M ^ m + M ^ (m + 1) + ... + M ^ n
= (M ^ 1 + .. M ^ n) - (M ^ 1 + .. + M ^ (m - 1))
= f(n) - f(m - 1)


So, now all we need to do is, calculate f(n) efficiently.

Lets say n = 16.

so f(16) =
M ^ 1 + M ^ 2 + ... + M ^ 16
= (M ^ 1 + M ^ 2 + ... + M ^ 8) + M ^ 8 * ( M ^ 1 + M ^ 2 + ... + M ^ 8)
= ( M ^ 1 + M ^ 2 + ... + M ^ 8) * (1 + M ^ 8)


Similarly M ^ 1 + M ^ 2 + ... + M ^ 8 can be written as
(M ^ 1 + M ^ 2 + M ^ 3 + M ^ 4) * (1 + M ^ 4)

Similarly, (M ^ 1 + M ^ 2 + M ^ 3 + M ^ 4) can be written as
(M ^ 1 + M ^ 2) * (1 + M ^ 2)

Similarly M ^ 1 + M ^ 2 can be written as
M ^ 1 * (1 + M ^ 1)

so f(16) = M ^ 1 * ( 1 + M ^ 1) * ( 1 + M ^ 2) * (1 + M ^ 4) * (1 + M ^ 8)


So there are log(n) + 1 term in this sequence you need to multiply log(n) times.
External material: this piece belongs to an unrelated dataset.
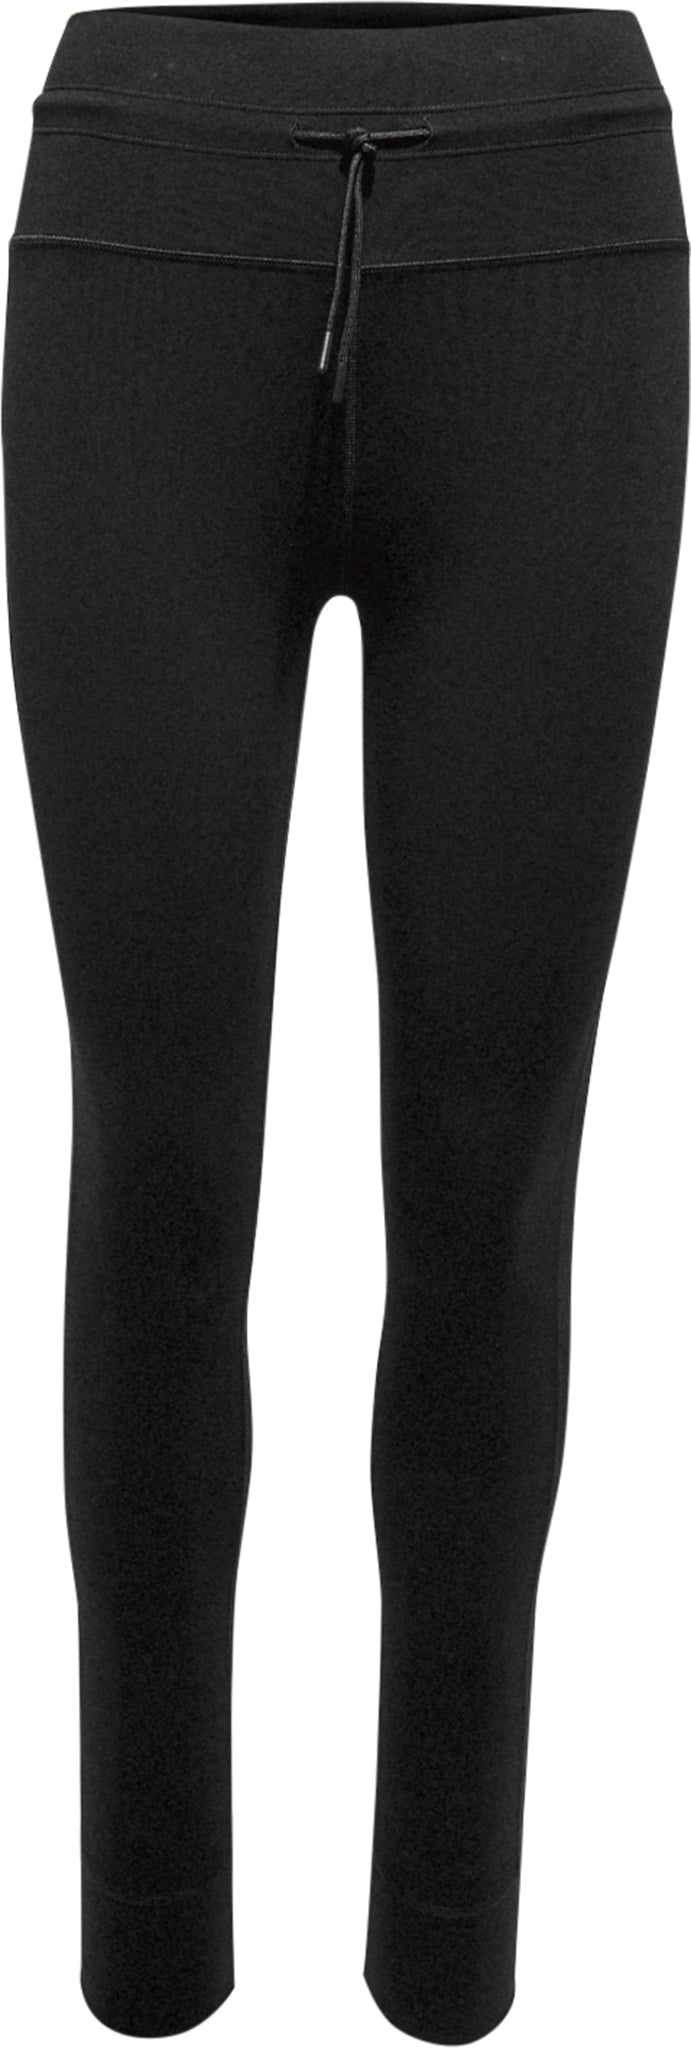 KT Buttery Soft Leggings for Women - High Waisted Leggings Pants with  Pockets

Which is O(log n * k ^ 3 + log n * calculation_cost_of_power_of_M())
= O(log n * k ^ 3 + log n * log n * k ^ 3)
= O(log n * log n * k ^ 3)

Yes, seems a little more costlier than O(log n * k ^ 3).

Hope this helps.
Re: SPOJ :: TETRAHRD (response to post by emotionalBlind) | Reply
Where do you my code is taking more time?? . I think mine is O( (k^3+k^2)logn) + some constants. Plzzz Help I've used [cpp] tag now.Please see it once
Re: SPOJ :: TETRAHRD (response to post by lalitloc) | Reply
Could you please explain your algorithm so that it would be easier to understand?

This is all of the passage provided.